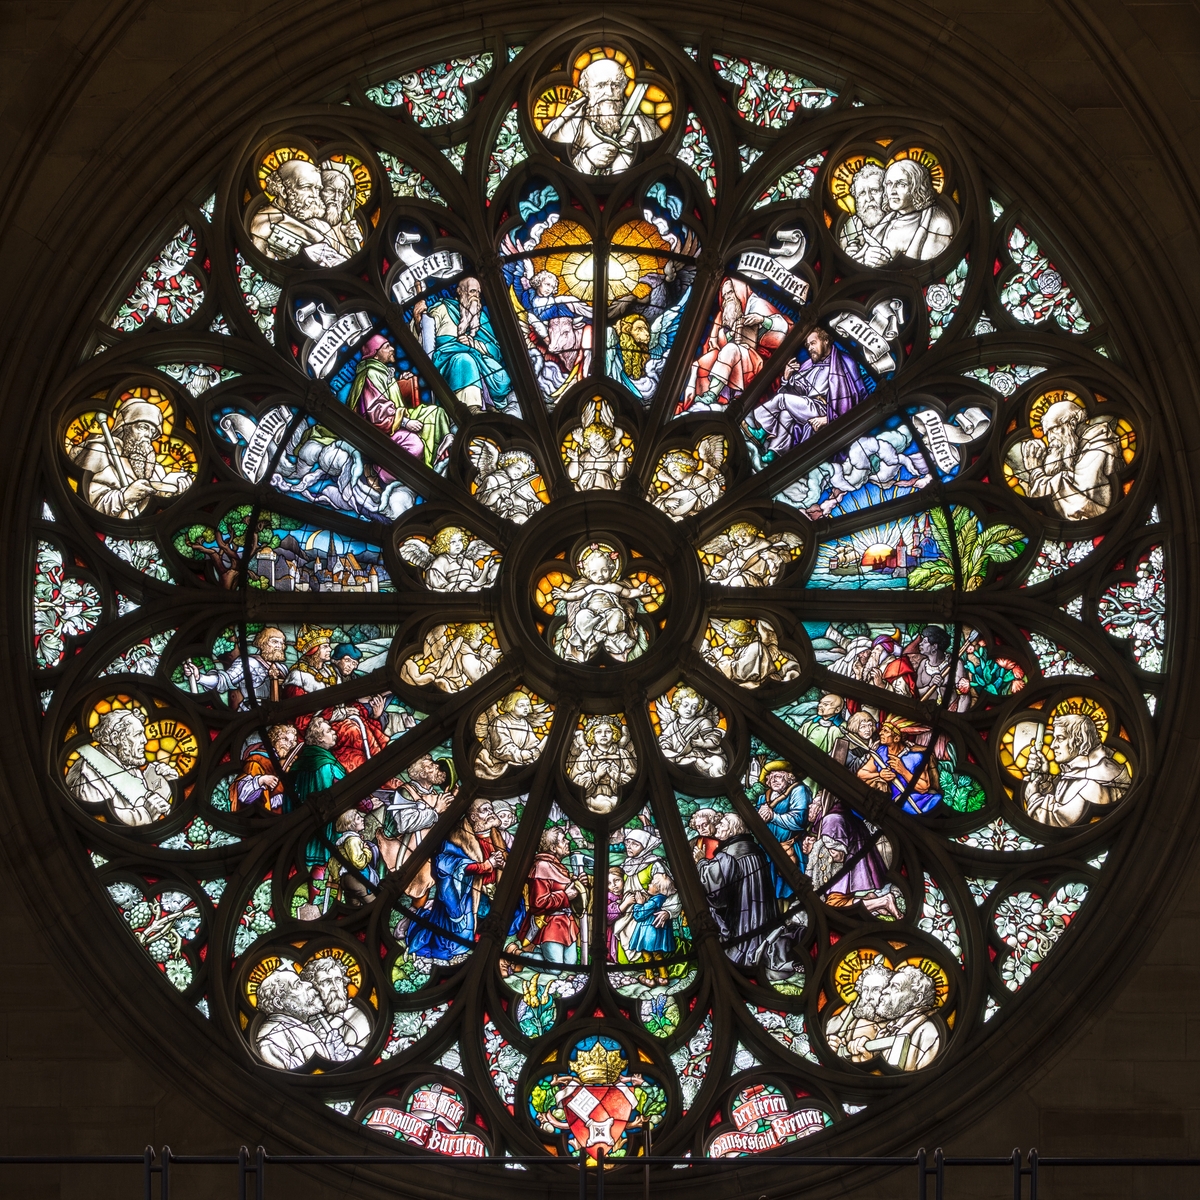 La rosace du transept à droite © Jakob Bradl - licence [CC BY-SA 4.0] from Wikimedia Commons
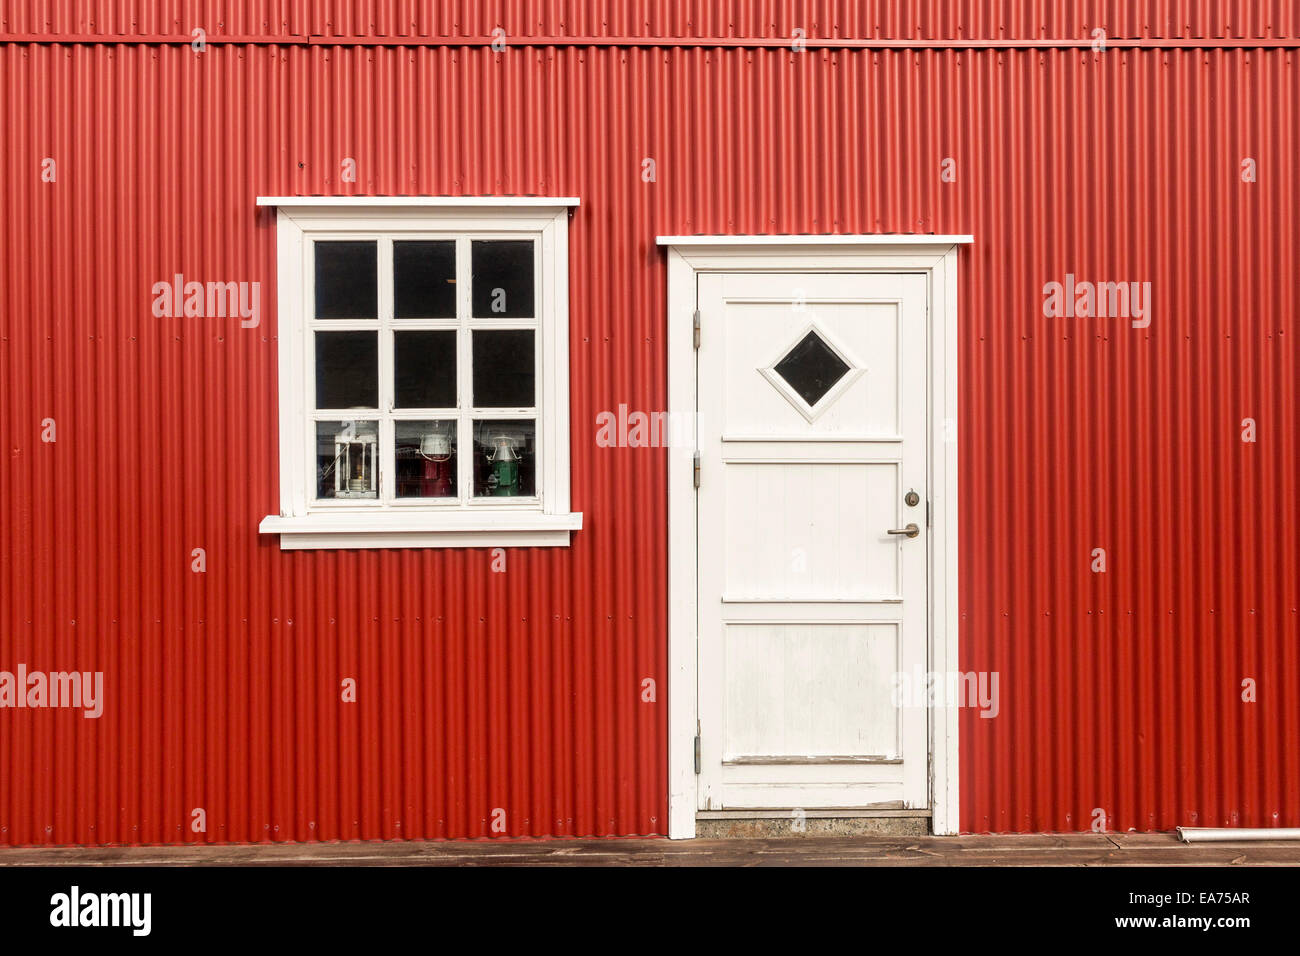 Die Außenseite eines Gebäudes in Ost-Island. Das gewellte Metall äußere ist typisch für ein Gebäude in Ost-Island. Stockfoto
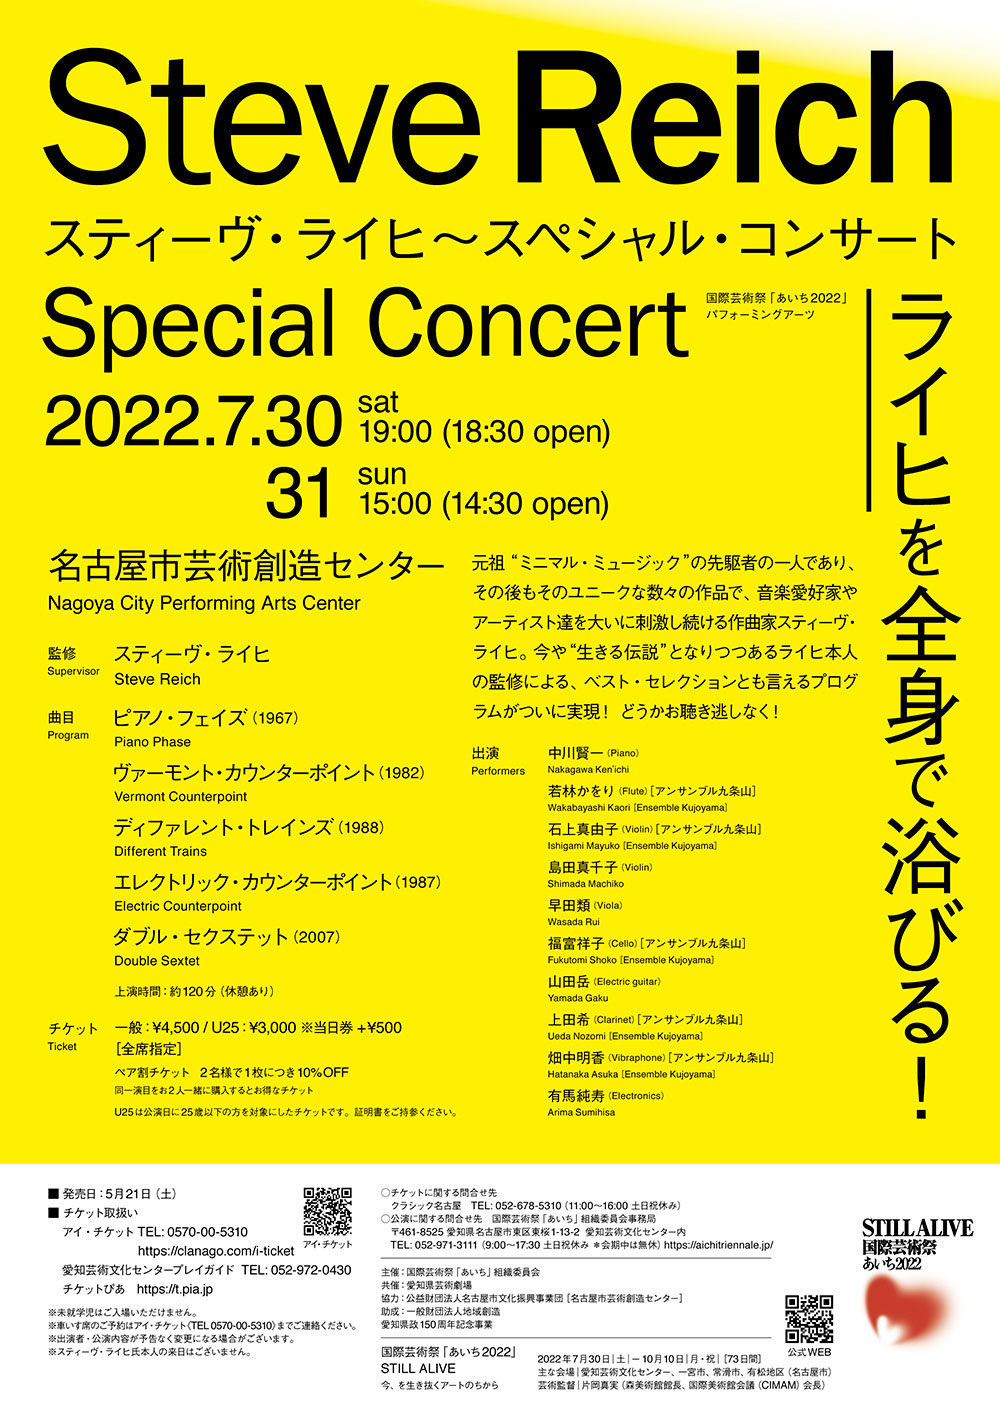 スティーヴ・ライヒ：Steve Reich Special Concert 2022.7.30(sat)〜7.31(sun)
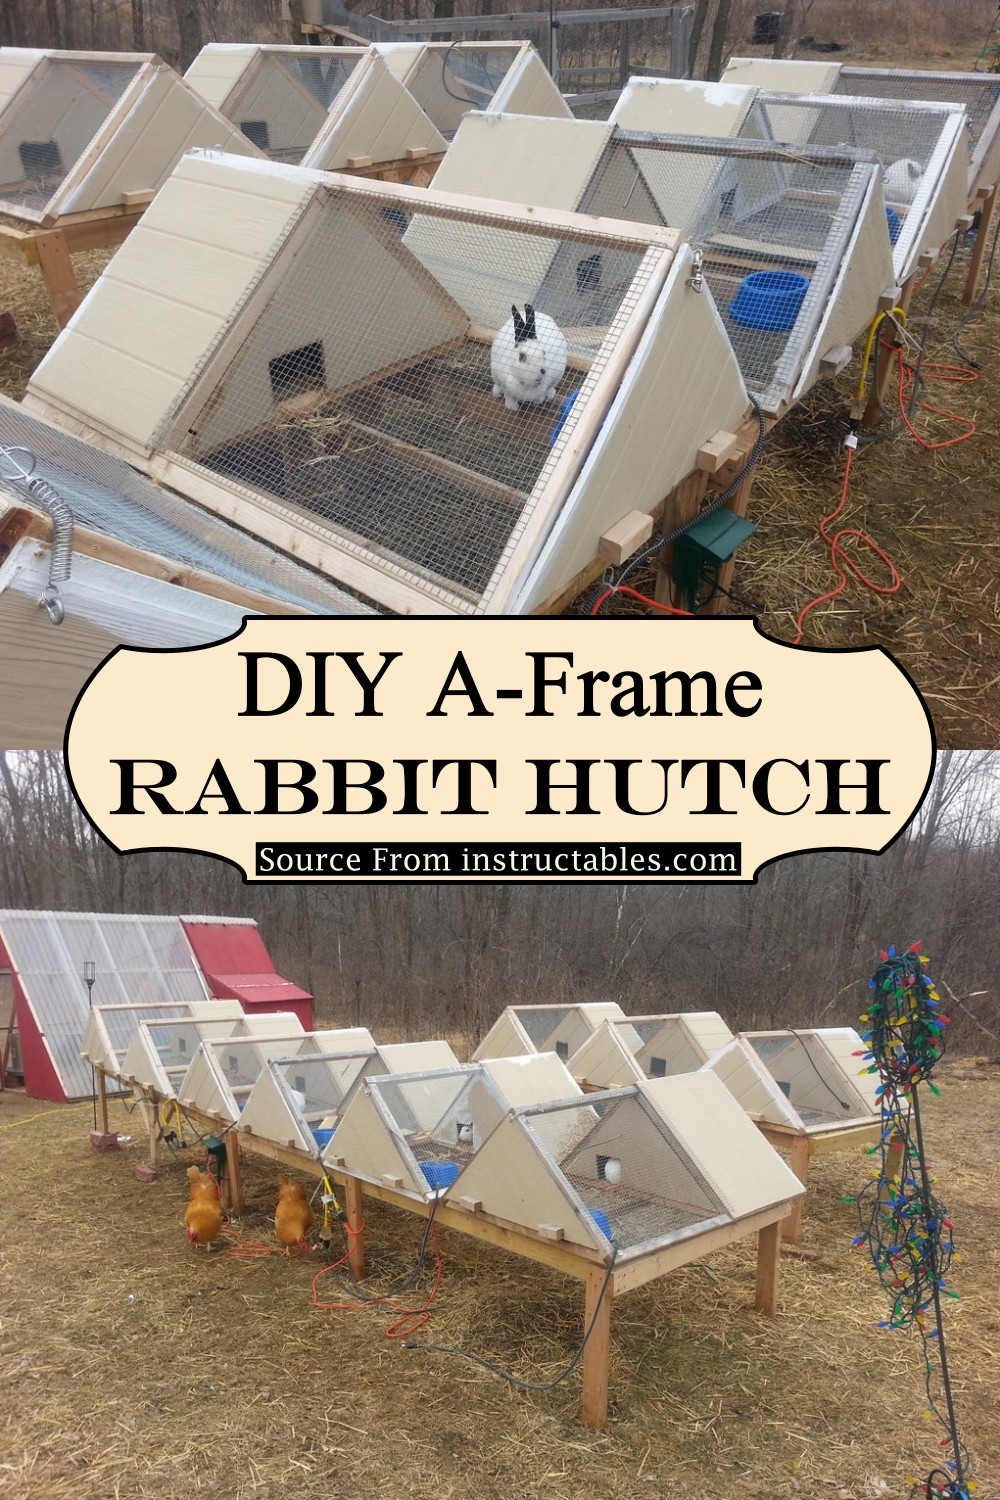 DIY A-Frame Rabbit Hutch
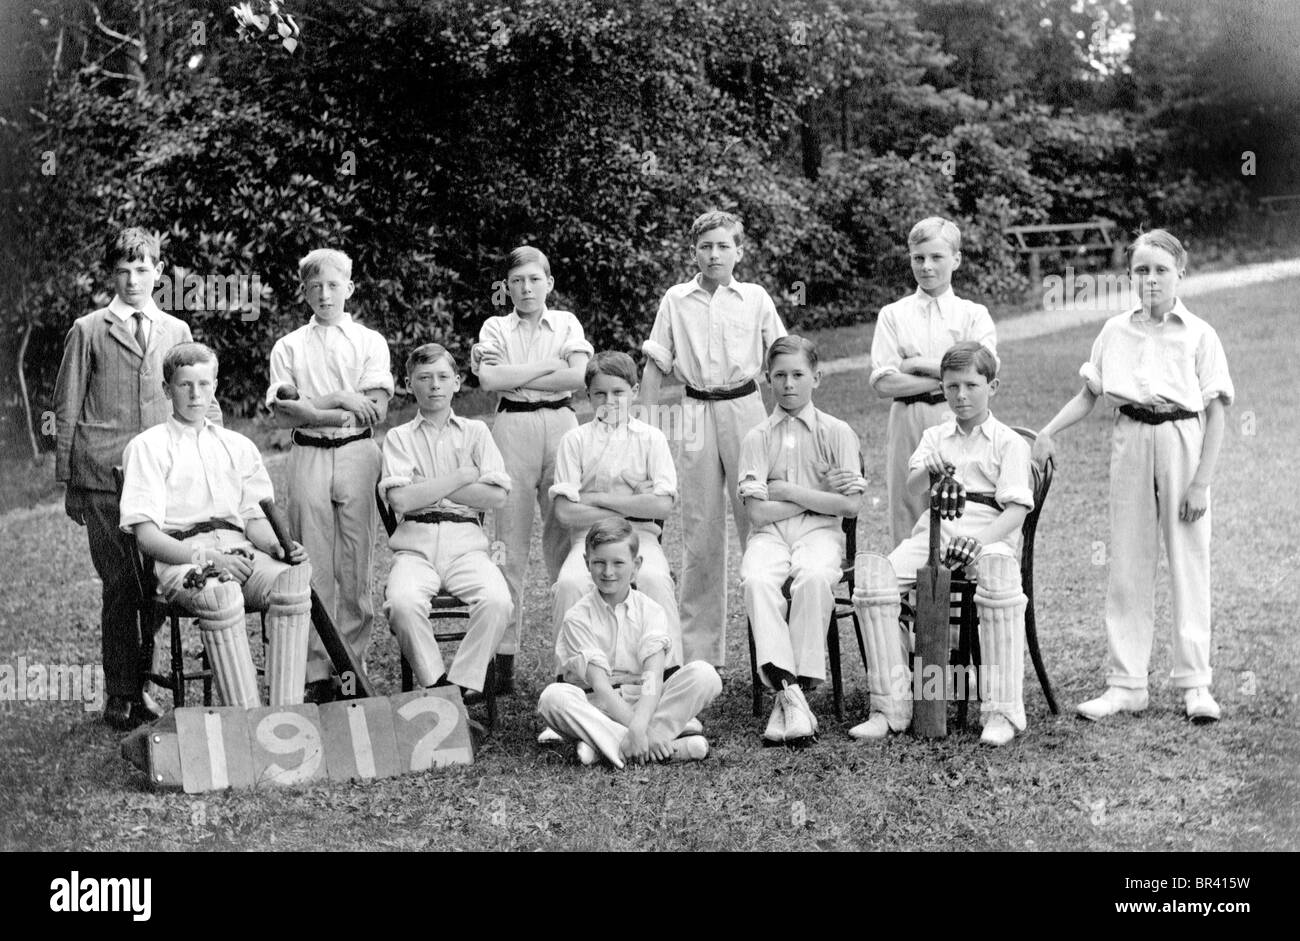 Imagen histórica, el equipo de críquet, ca. 1924 Foto de stock
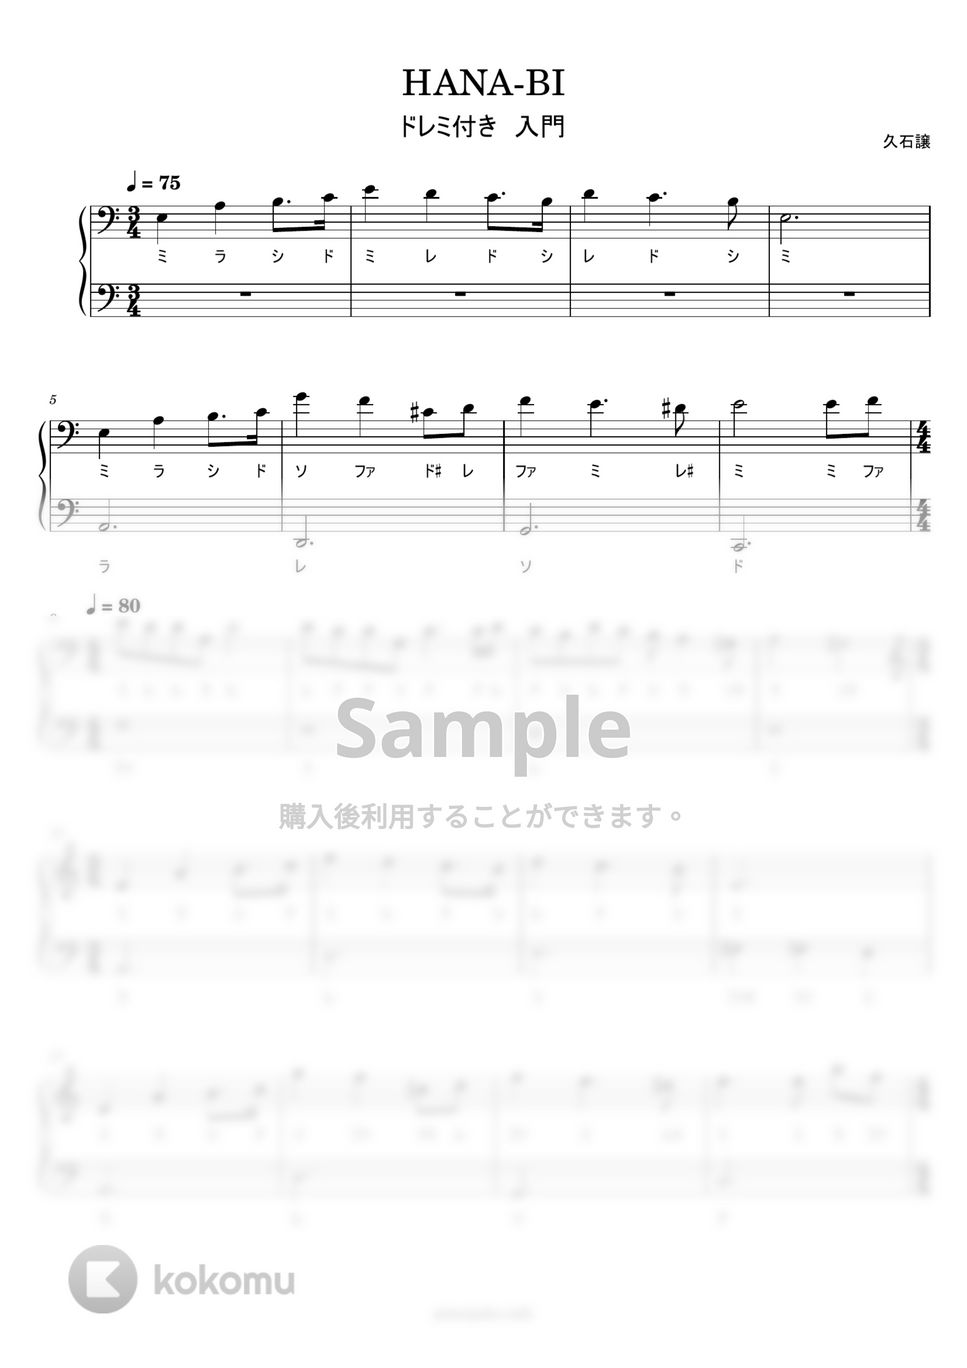 久石譲 - HANA-BI (ドレミ付き簡単楽譜) by ピアノ塾

• PROBLEM TO SOLVE
An exact copy of the records above is needed, free of pictures.

• WRITTEN REPLY
 La rosace du transept à droite © Jakob Bradl - licence [CC BY-SA 4.0] from Wikimedia Commons
 Die Außenseite eines Gebäudes in Ost-Island. Das gewellte Metall äußere ist typisch für ein Gebäude in Ost-Island. Stockfoto
 スティーヴ・ライヒ：Steve Reich Special Concert 2022.7.30(sat)〜7.31(sun)
 DIY A-Frame Rabbit Hutch
 Imagen histórica, el equipo de críquet, ca. 1924 Foto de stock
 久石譲 - HANA-BI (ドレミ付き簡単楽譜) by ピアノ塾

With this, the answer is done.